Now, I have two questions:

  1. Is there any way I can do the Phrase Detection while running the Word2Vec on top of each of the individual files in a streaming manner?
  2. If not, is there any way I can do the initial phrase detection in the similar fashion of PathLineSentences, as in doing the phrase detection in a streaming manner?

Solution

  • The Gensim Phrases class will accept data in the exact same form as Word2Vec: an iterable of all the tokenized texts.

    You can provide that both as the initial training corpus, then as the corpus to be transformed into paired bigrams.

    However, I would highly suggest that you not try to do the phrase-combinations in a simultaneous stream as feeding to Word2Vec, for both clarity and efficiency reasons.

    Instead, do the transformation once, writing the results to a new, single corpus file. Then:

    • you can easily review the results of the bigram-combinations
    • the pair-by-pair calculations that decide which words will be combined will be done only once, creating a simple corpus of space-delimited tokens. (Otherwise, each of the epochs + 1 passes done by `Word2Vec will need to repeat the same calculations.)

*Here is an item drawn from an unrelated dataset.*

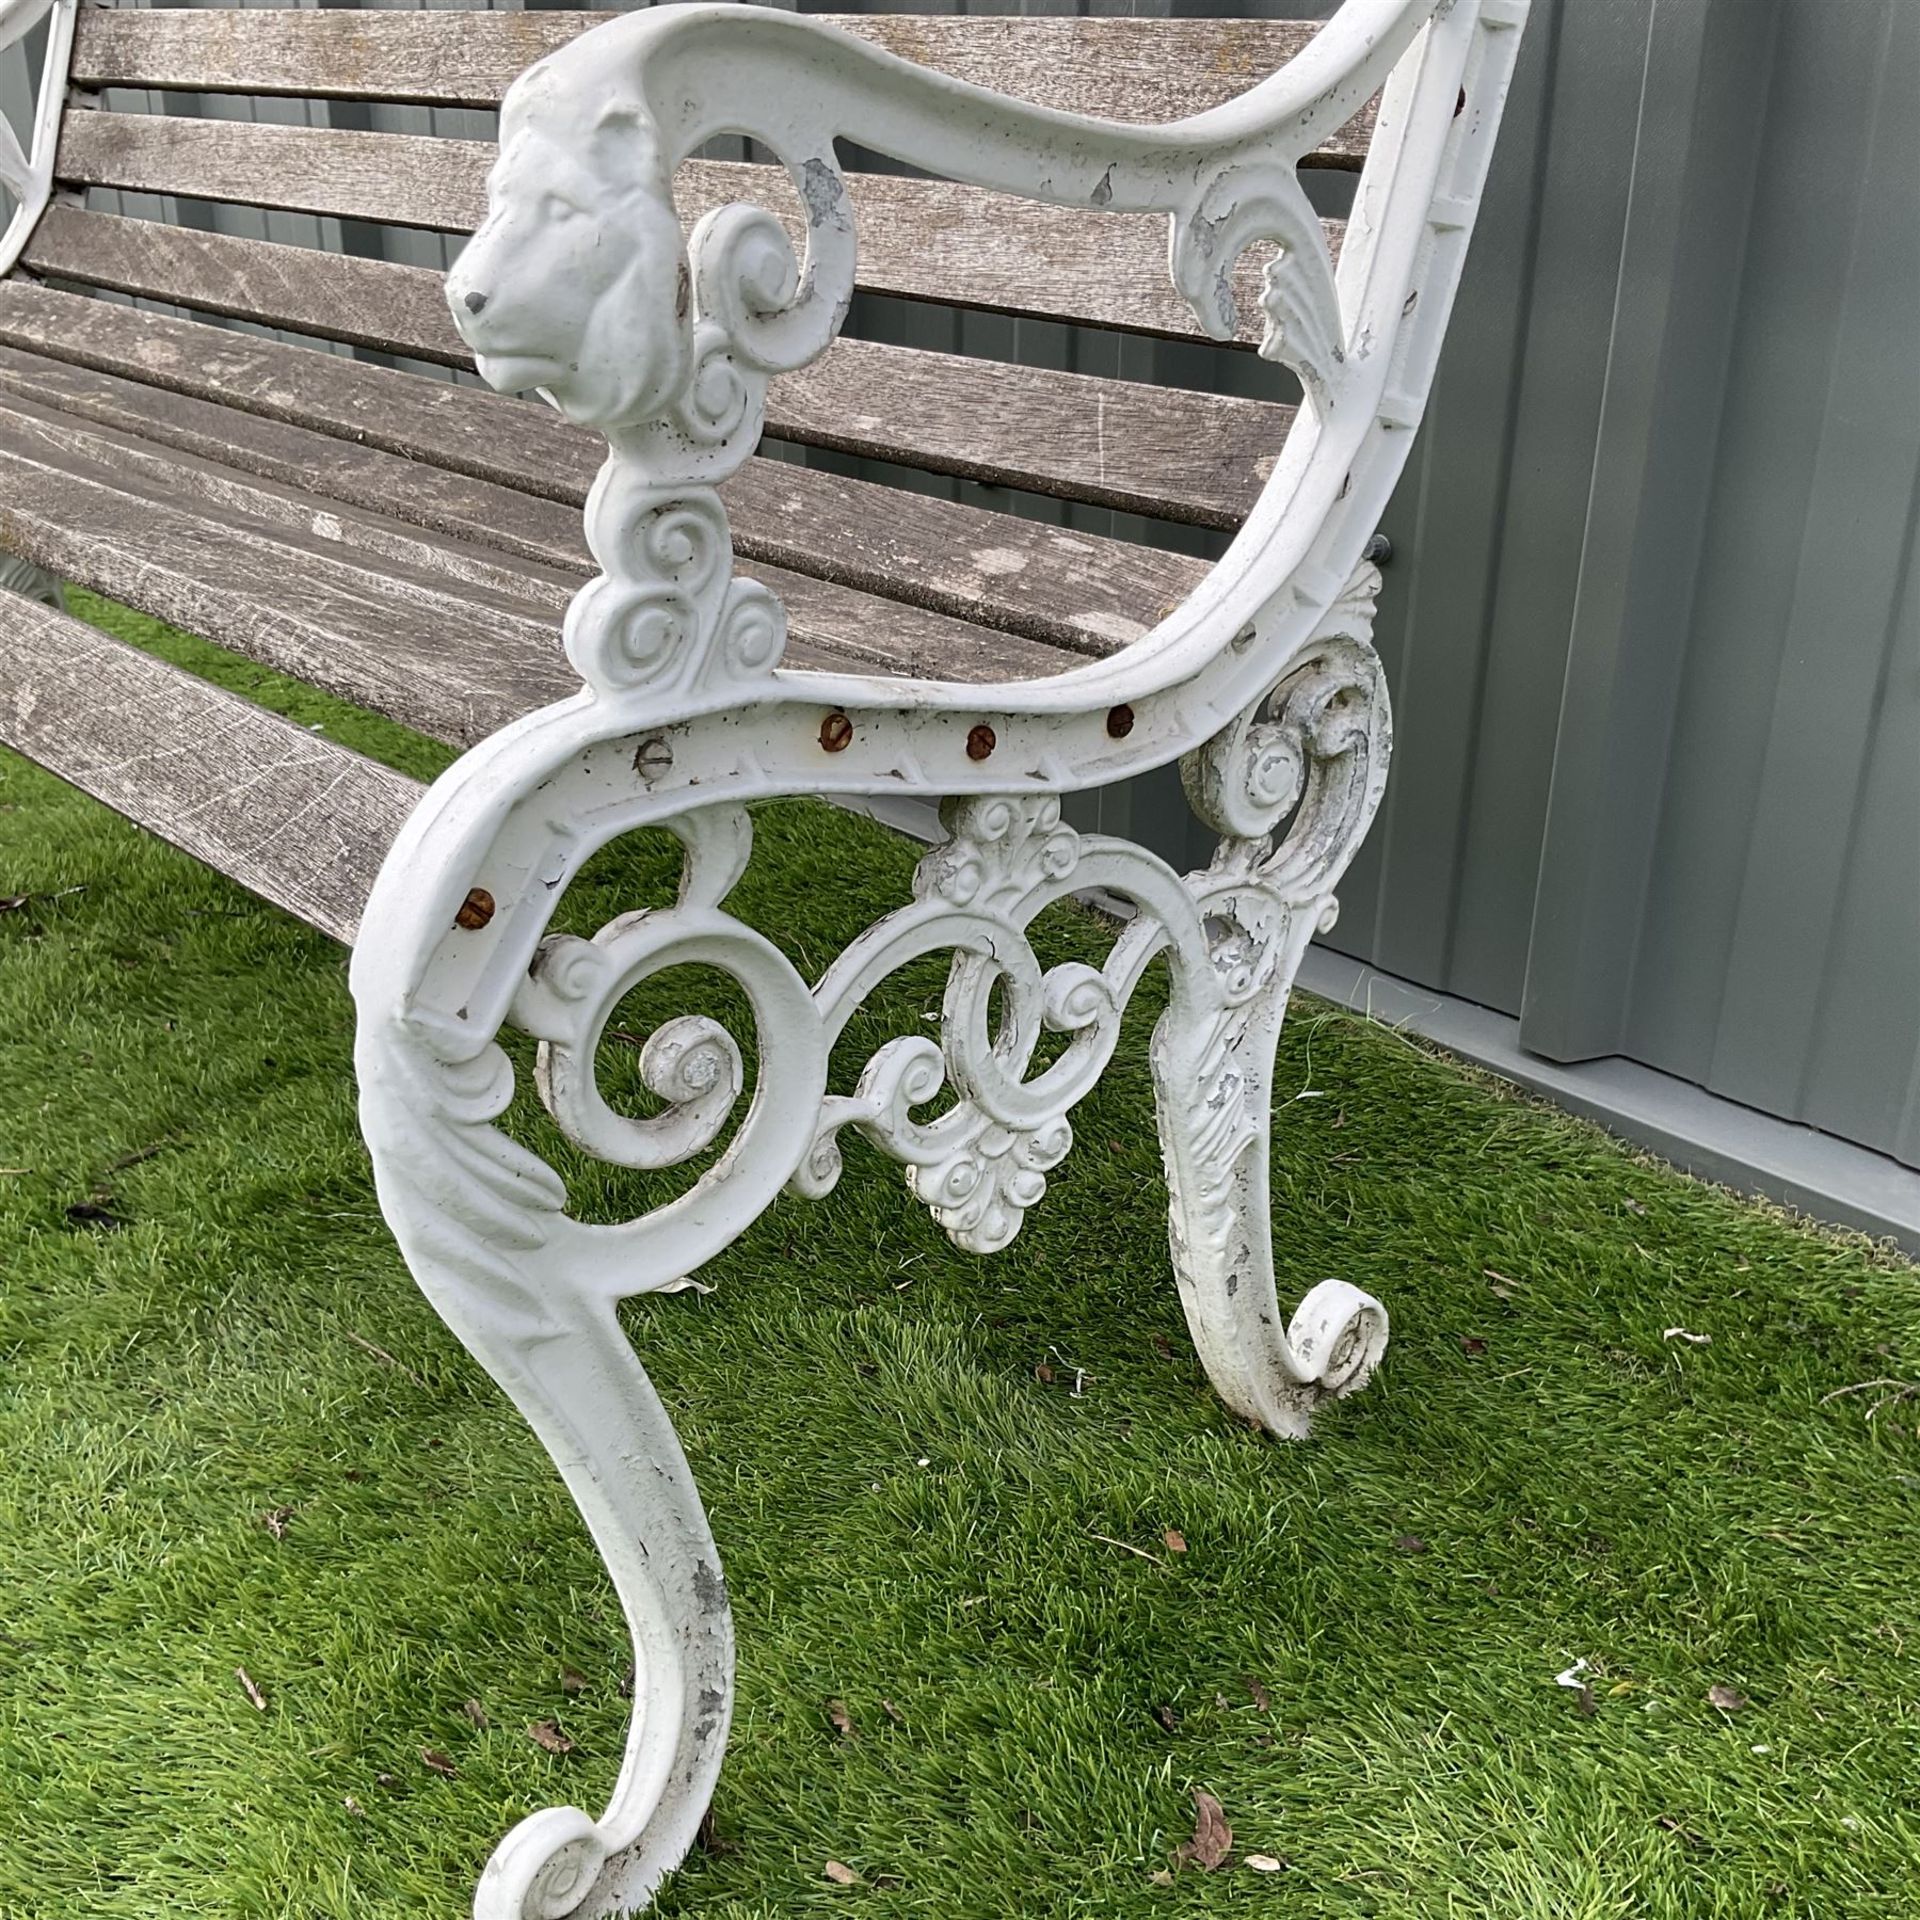 Cast aluminium and wood slatted garden bench painted in white - THIS LOT IS TO BE COLLECTED BY APPO - Image 4 of 4

    Roughly that'd look like:

    with open('corpus.txt', 'w') as of:
        for phrased_sentence in bigram_transformer[all_sentences]:
            of.write(' '.join(phrased_sentence)
            of.write('\n')
    

    (You could instead write to a gzipped file like corpus.txt.gz instead, using GzipFile or smart_open's gzip functionality, if you'd like.)

    Then the new file shows you exact data Word2Vec is operating on, and can be fed as a simple corpus - wrapped as an iterable with LineSentence or even passed using the corpus_file option that can better use more workers threads.